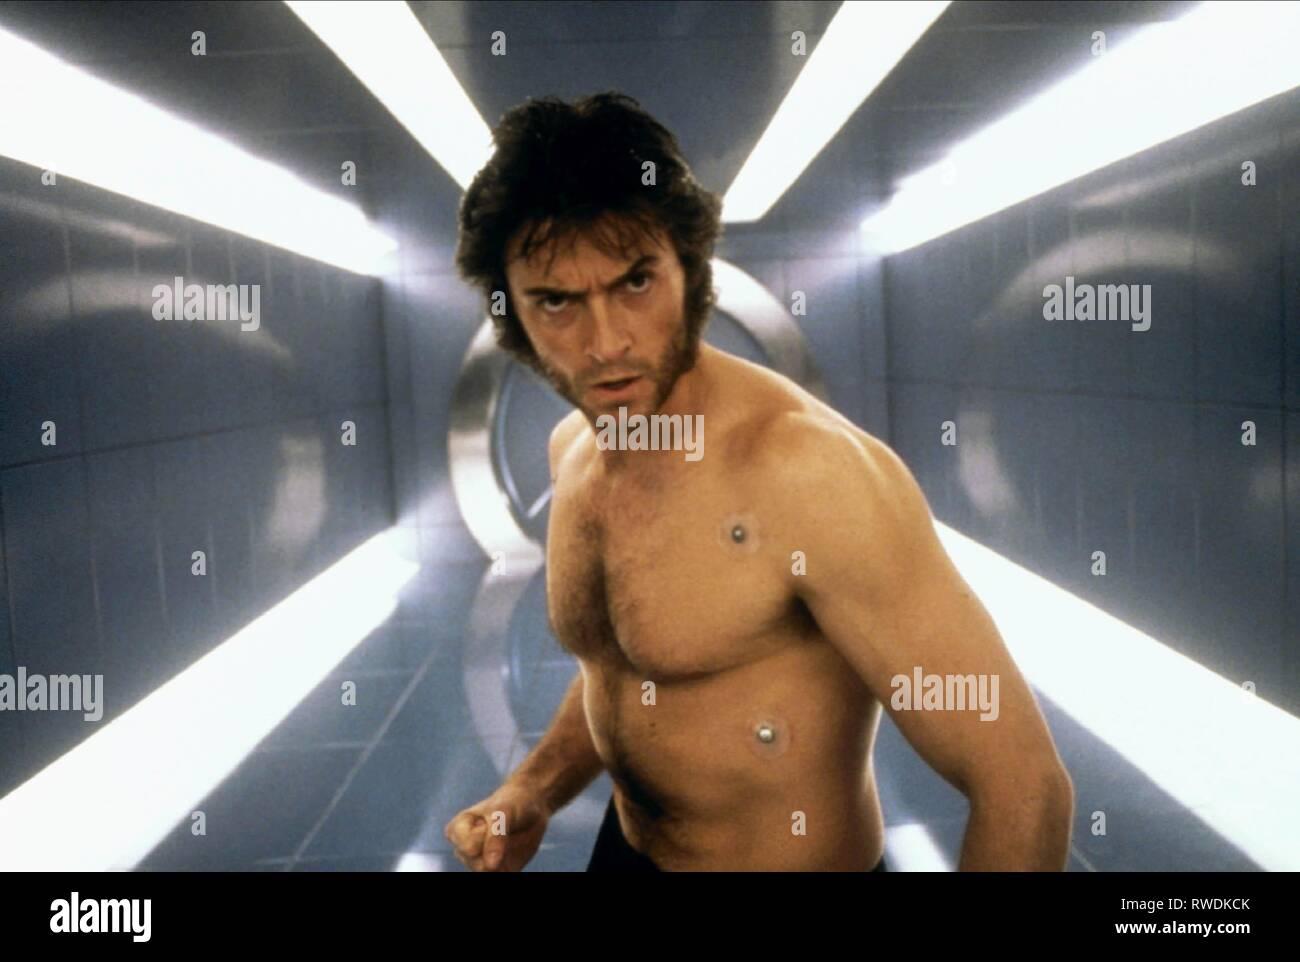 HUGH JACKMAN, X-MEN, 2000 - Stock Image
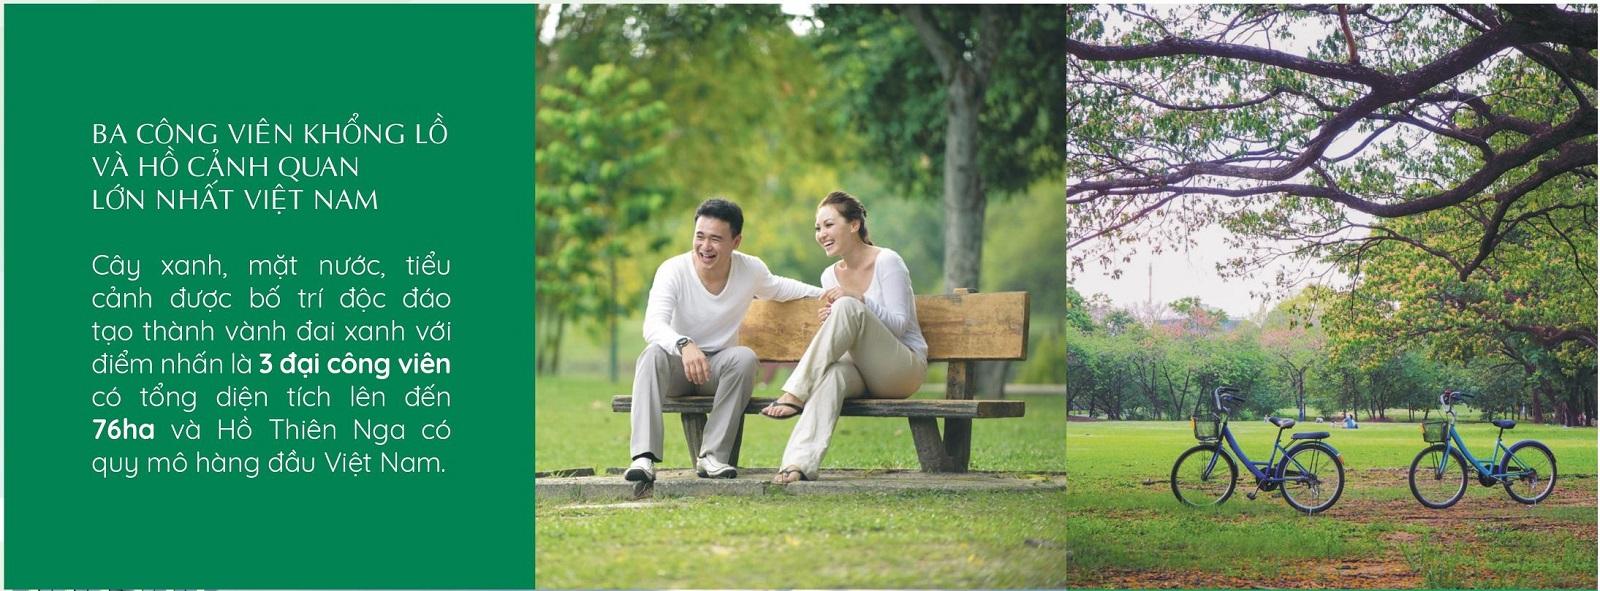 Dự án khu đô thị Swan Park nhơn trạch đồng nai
----
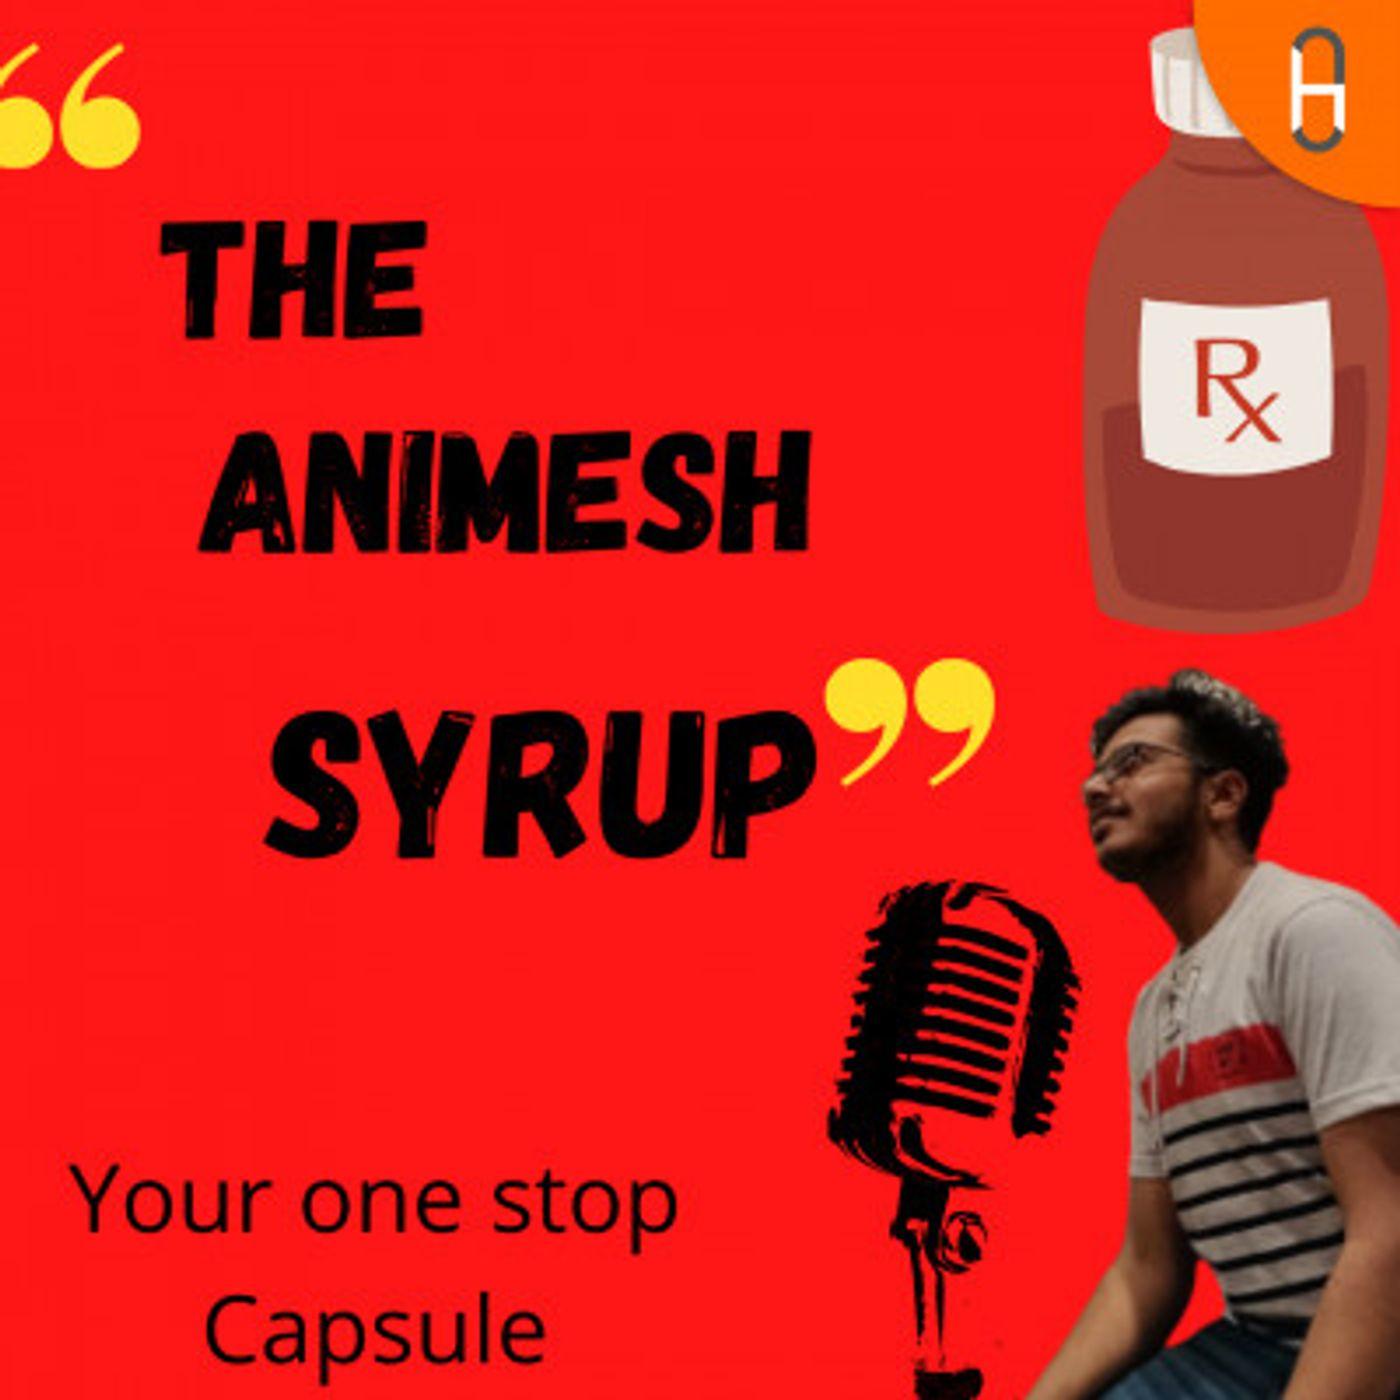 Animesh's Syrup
----
With the pictures left out, write out exactly the lines above from the one containing "HUGH JACKMAN, X-MEN, 2000 - Stock Image" through the one containing "Dự án khu đô".

Task answer:
 HUGH JACKMAN, X-MEN, 2000 - Stock Image
 Dự án khu đô thị Swan Park nhơn trạch đồng nai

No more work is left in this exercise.